Preheat your oven to 90 deg C (195 deg F) – it’s essential to use an oven thermometer as if the temperature is too high the octopus will over-cook.

Prepare a pan of boiling water and add the cleaned octopus.  Blanch for 20 seconds and then immediately remove from the water. Add to a dry pan, cover the pan with a lid and then put in the oven for 2 hours, regularly checking the temperature of the oven.

To prepare the marinade, add all the ingredients to a bowl and then stir gently to disperse; we are not looking to emulsify the oil and other liquids, however.
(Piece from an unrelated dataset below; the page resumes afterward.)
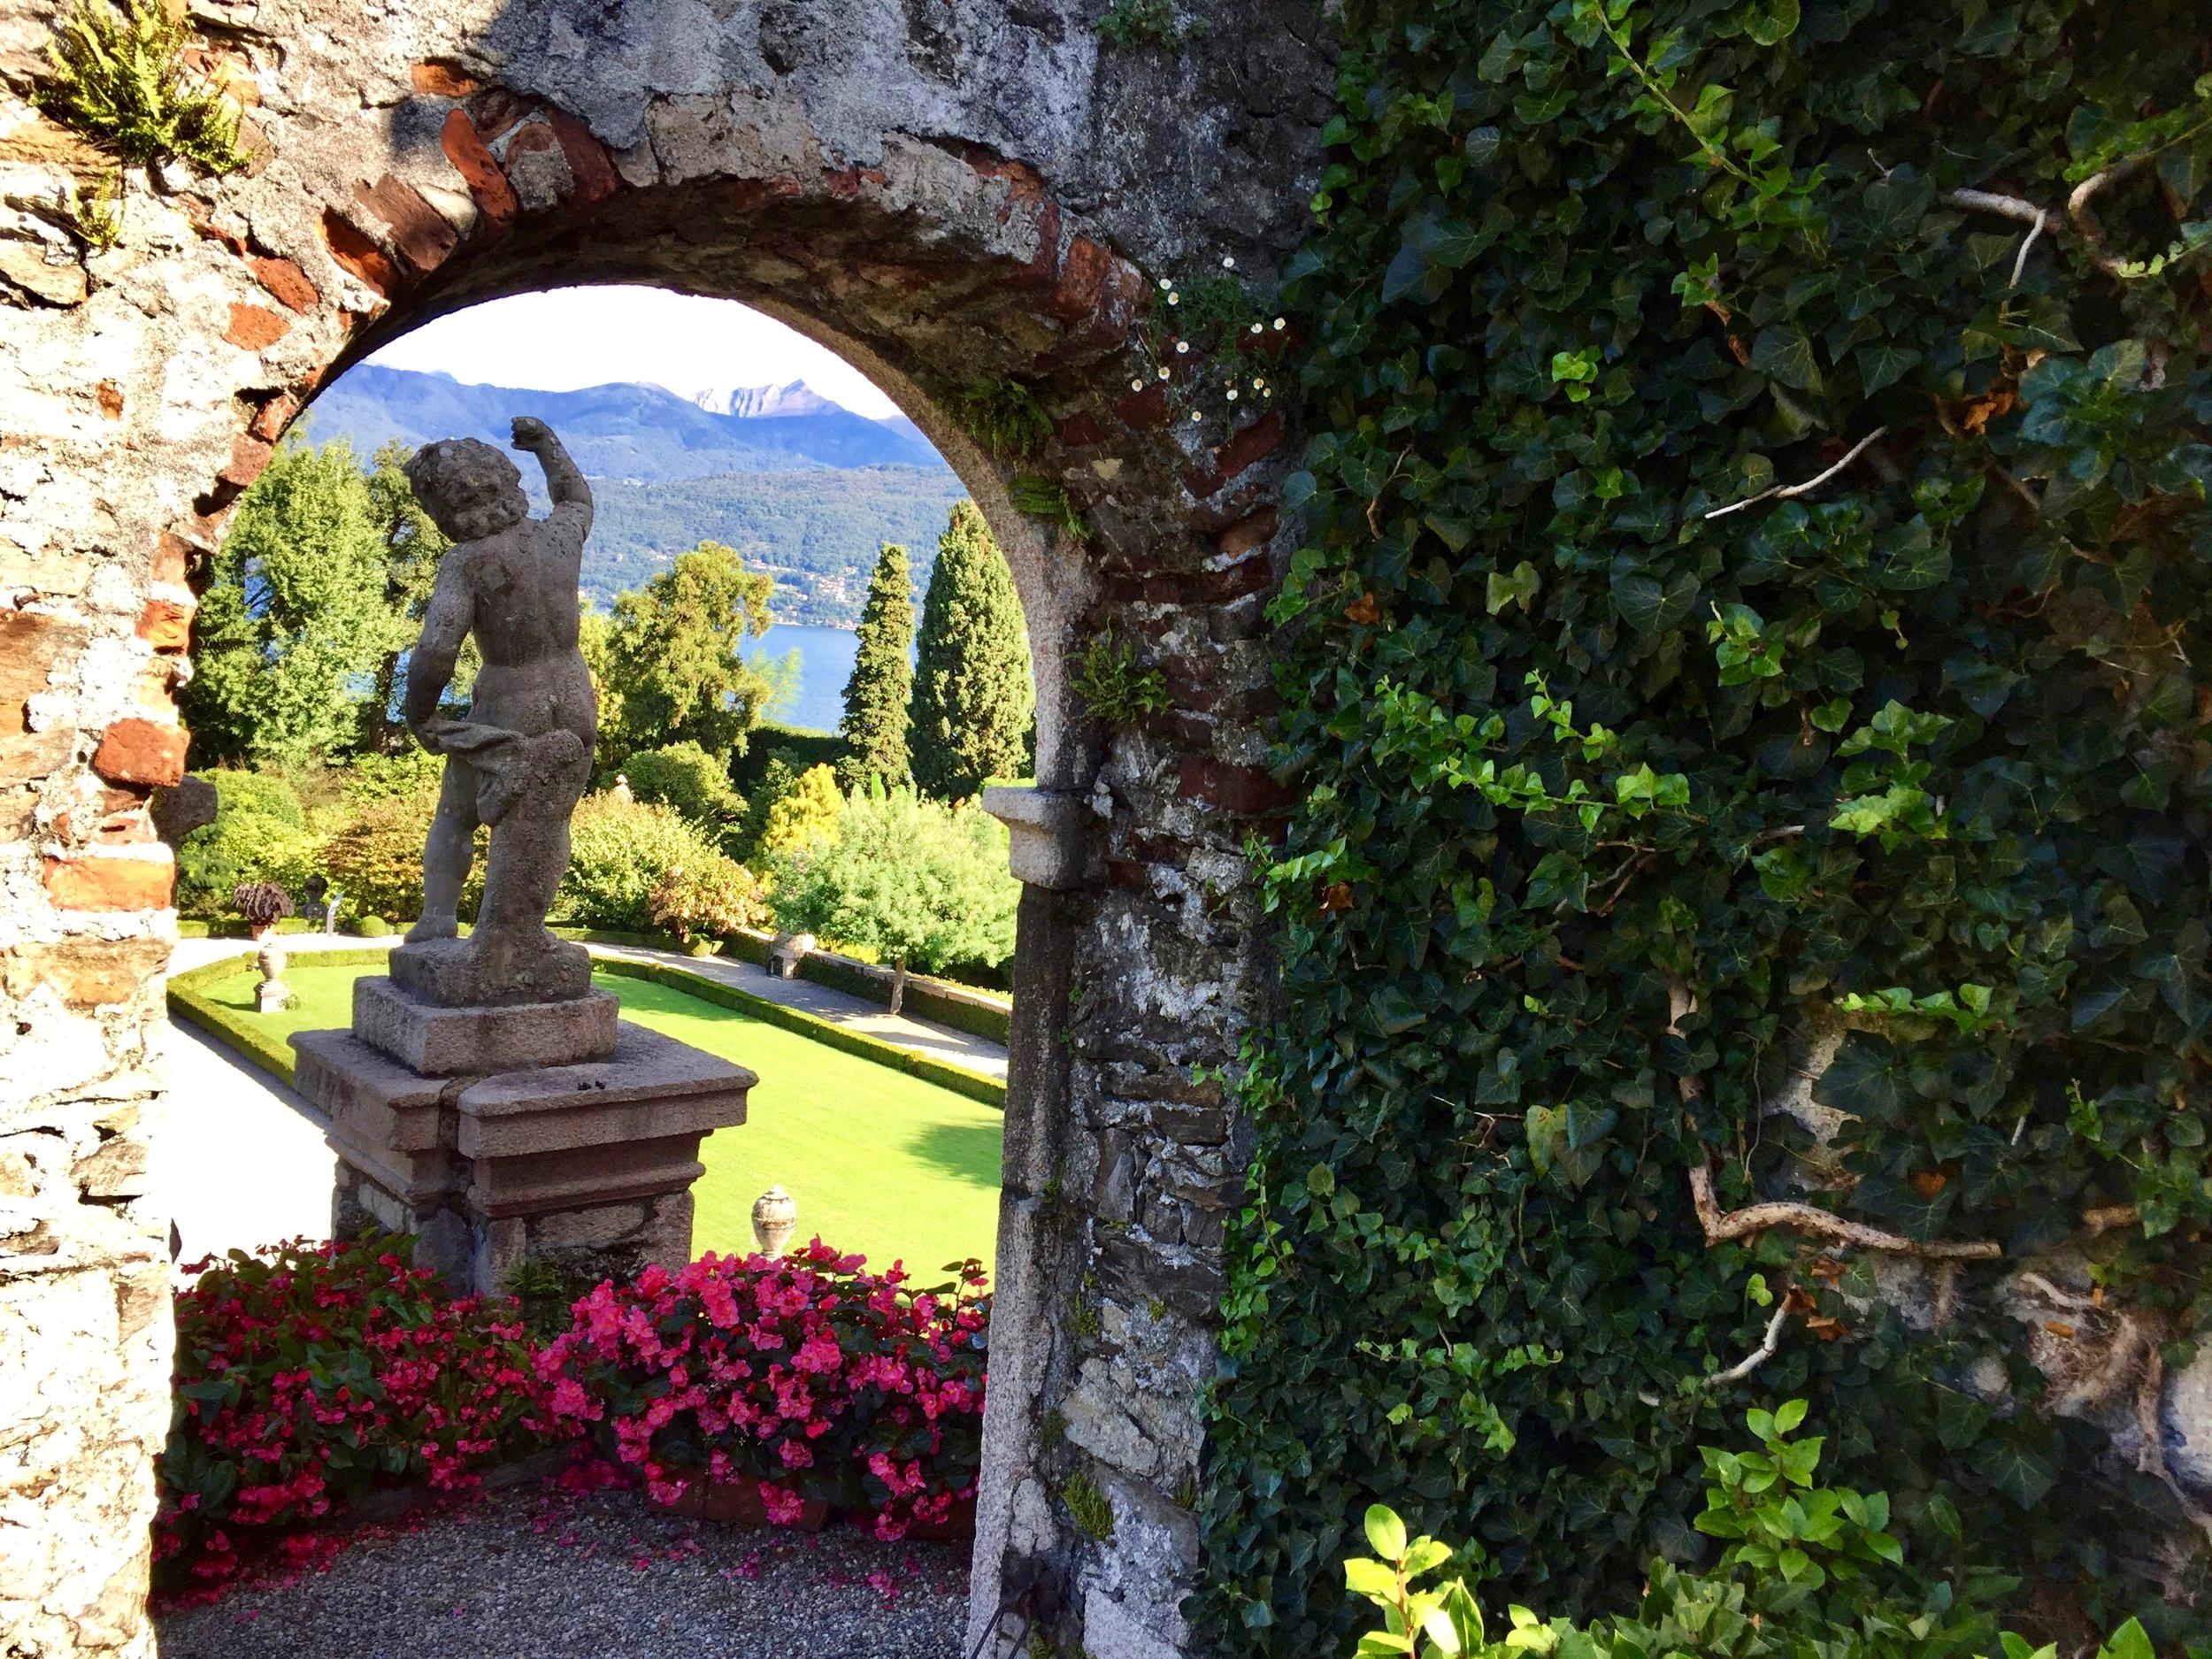 Lush botanical Ligurian gardens

Remove the octopus from the oven and drain the juice. The juice (or jus) is quite gelatinous and extremely flavoursome. It can be reduced to a very rich sauce or used to flavour other sauces or soups. I usually freeze it for later use.

Let the octopus cool for 10 minutes and then carefully add it to the marinade. Gently coat the octopus in the marinade, cover the bowl with cling film and then refrigerate for two days. This allows for the pickling process to occur and means that the octopus becomes infused with those lovely herby and zesty flavours.
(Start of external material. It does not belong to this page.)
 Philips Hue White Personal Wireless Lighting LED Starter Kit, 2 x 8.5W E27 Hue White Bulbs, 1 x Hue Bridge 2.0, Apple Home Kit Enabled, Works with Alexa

After two days remove the octopus from the fridge and if (only if) the marinade has set just warm it gently so it melts (important – we do not want to warm the octopus). Remove the octopus from the marinade, put it in to a clean bowl and then drizzle over the olive oil to coat it. It’s now ready for eating. The marinade can be discarded.

Pickled Octopus


  • Great served on platter as an appetiser.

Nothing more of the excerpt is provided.